A. Pengertian Filsafat, Pembidangannya dan Letak Filsafat Hukum

Berfilsafat adalah berfikir radikal, radic artinya akar, sehingga berfikir radikal artinya

sampai ke akar suatu masalah, mendalam sampai akar-akarnya, bahkan melewati batas-batas

fisik yang ada, memasuki medan pengembaraan di luar sesuatu yang fisik.

Filsafat atau disebut juga ilmu filsafat, mempunyai beberapa cabang ilmu utama.

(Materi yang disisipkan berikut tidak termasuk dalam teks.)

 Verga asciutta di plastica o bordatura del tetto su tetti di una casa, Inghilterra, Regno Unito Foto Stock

Cabang ilmu utama dari filsafat adalah ontologi, epistimologi, tentang nilai (aksiologi),

danmoral (etika).

Obyek Bahasan Filsafat

Filsafat mempunyai obyek bahasan yang sangat luas, meliputi semua hal yang dapat

dijangkau oleh pikiran manusia, dan berusaha memaknai dunia dalam hal makna. Sedangkan

ilmu hukum memiliki ruang lingkup yang terbatas, karena hanya mempelajari tentang norma

atau aturan (hukum). Banyaknya persoalan-persoalan yang berkenaan dengan hukum telah

membangkitkan beberapa pertanyaan-pertanyaan lebih lanjut yang sangat memerlukan

jawaban mendasar. Permasalahan-permasalahan mendasar tersebut yang tidak dapat dijawab

oleh ilmu hukum menjadi obyek bahasan ilmu filsafat.

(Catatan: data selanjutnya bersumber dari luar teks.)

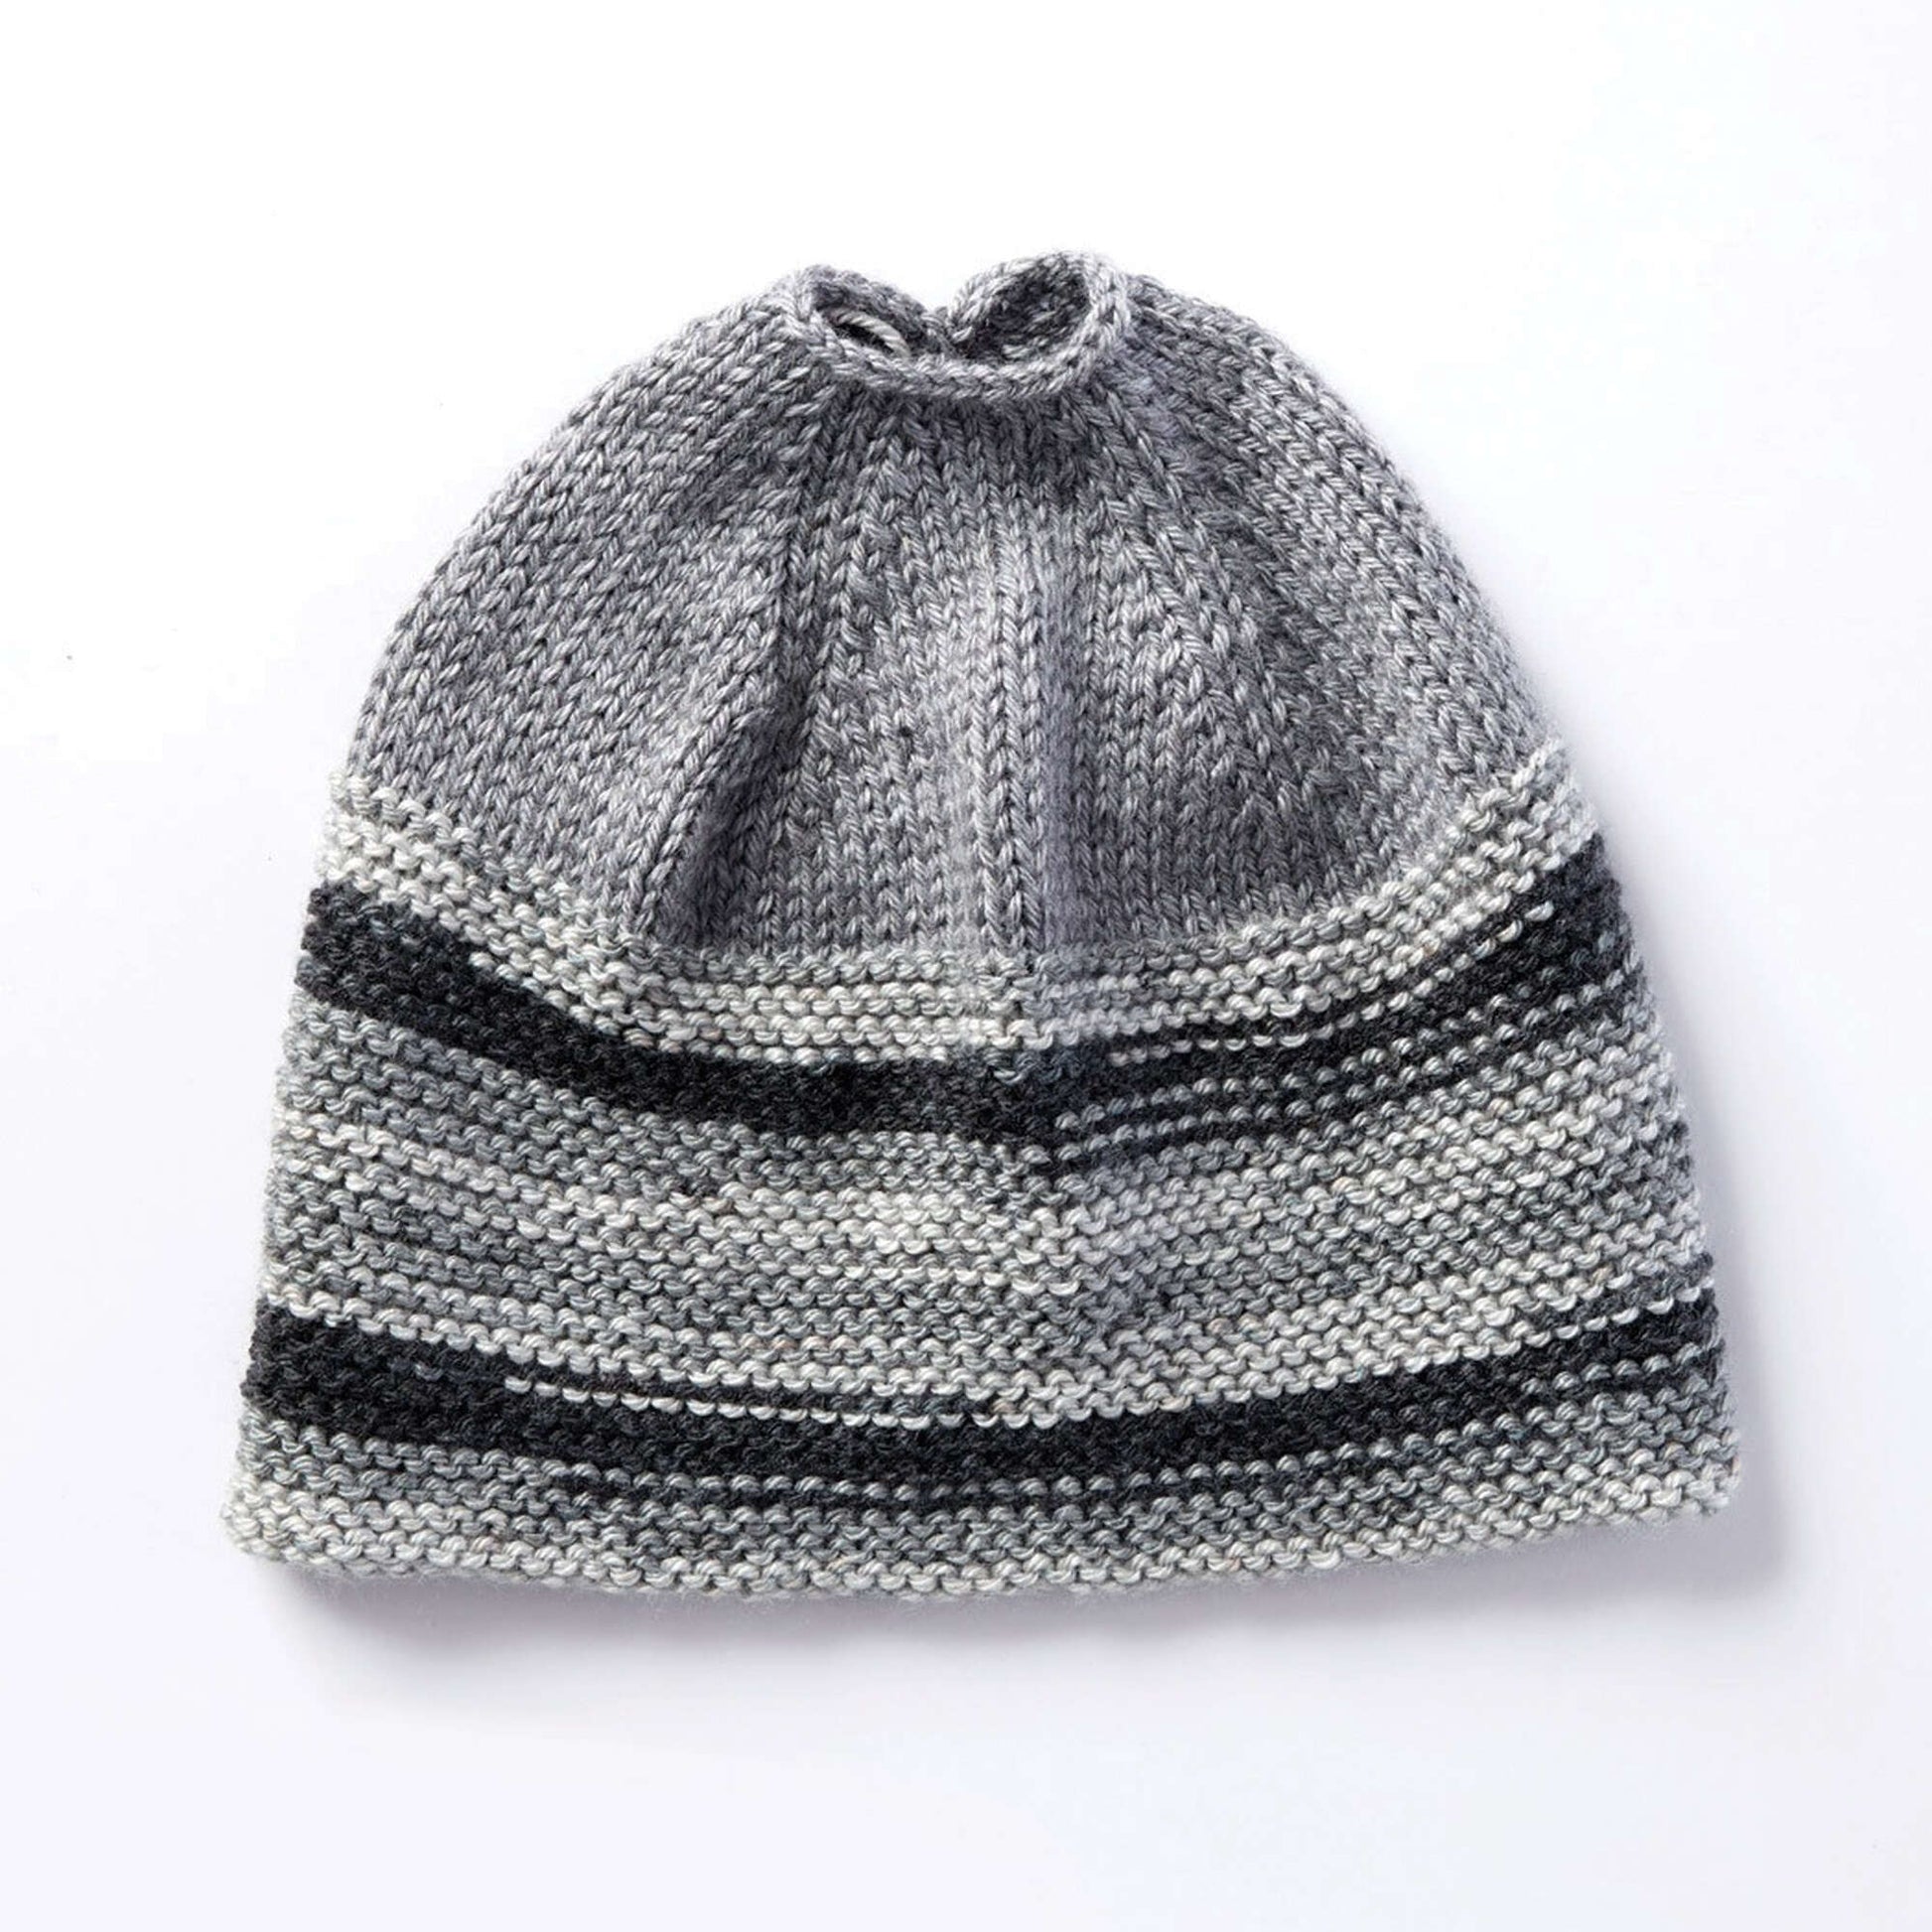 Free Caron Messy Bun Knit Hat Pattern

Sehingga dengan kata lain Filsafat mempunyai obyek berupa segala sesuatu yang dapat

dijangkau oleh pikiran manusia.

2
B. Pengertian Filsafat Hukum, Manfaat dan Kedudukannya dalam Konstelasi Hukum

Pengertian Filasat Hukum

Secara sederhana dapat dikatakan bahwa filsafat hukum adalah cabang filsafat, yaitu

filsafat tingkah laku atau etika, yang memperlajari hakikat hukum. Atau dapat dikatakan pula

bahwa ilmu yang memperlajari hukum secara filosofis. Sementara itu ilmu hukum hanya

melihat gejala-gejala hukum sebagaimana dapat diamati oleh panca indera manusia mengenai

perbuatan-perbuatan manusia dan kebiasaan-kebiasaan di dalam kehidupan masyarakat.

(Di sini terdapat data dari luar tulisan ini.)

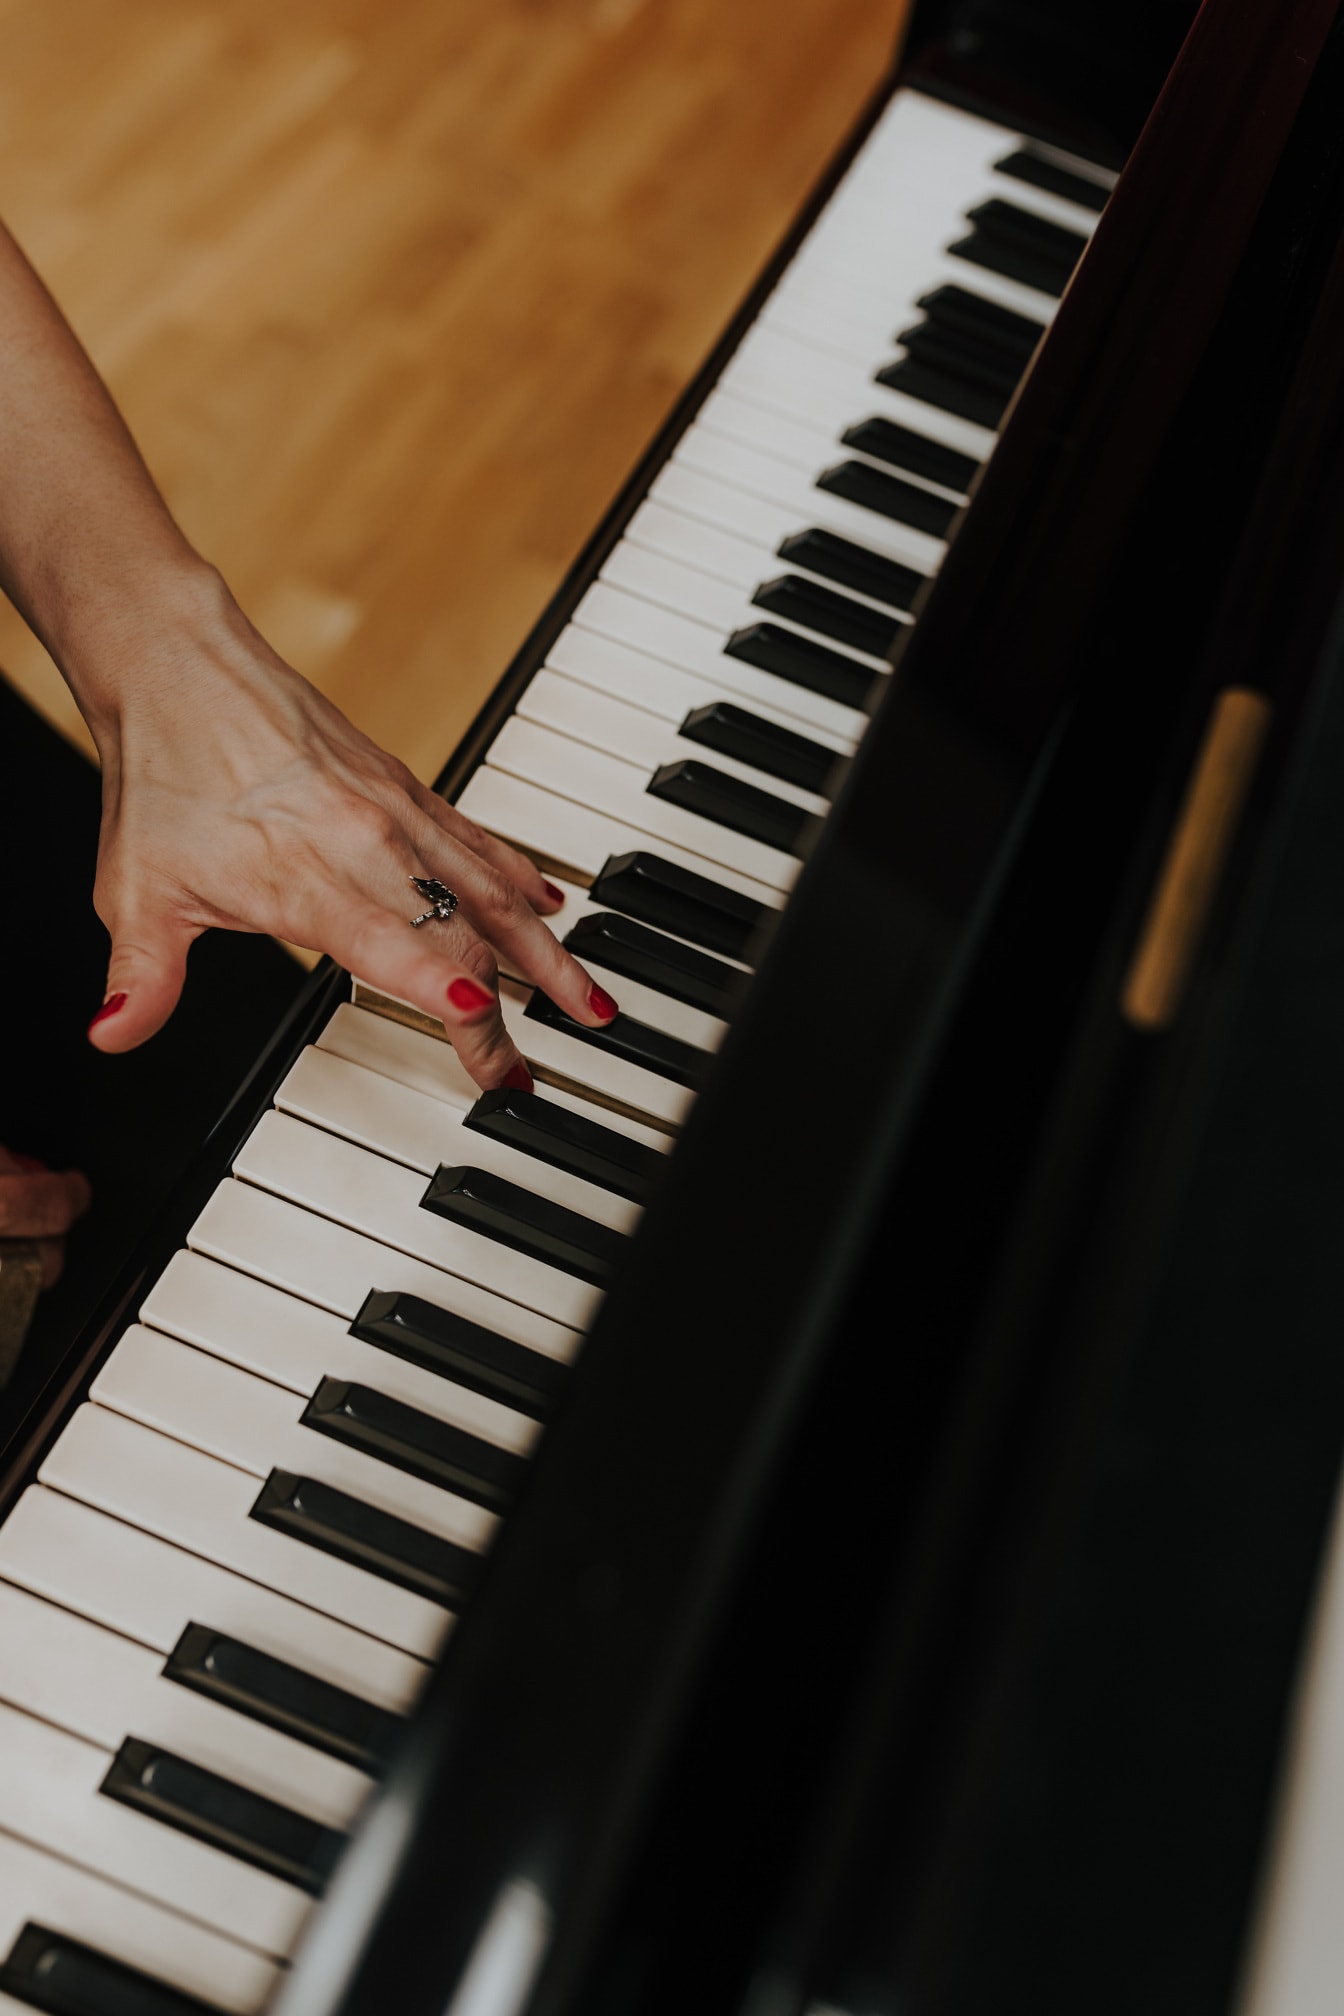 Người phụ nữ chơi piano cận cảnh sơn móng tay màu đỏ trên ngón tay

Sehingga dapat dikatakan bahwa ada dua macam hukum, yaitu hukum yang deskriptif

dan hukum yang preskriptif. Hukum yang deskriptif (descriptif laws) adalah hukum yang

menunjukkan sesuatu itu dapat terjadi, misalnya hukum gravitasi, hukum archimedes atau

hukum yang berhubungan dengan ilmu-ilmu kealaman. Sedangkan prescriptive laws adalah

hukum yang telah ditentukan atau hukum yang memberi petunjuk. Hukum presriptive inilah

yang merupakan bahan penelitian filsafat hukum.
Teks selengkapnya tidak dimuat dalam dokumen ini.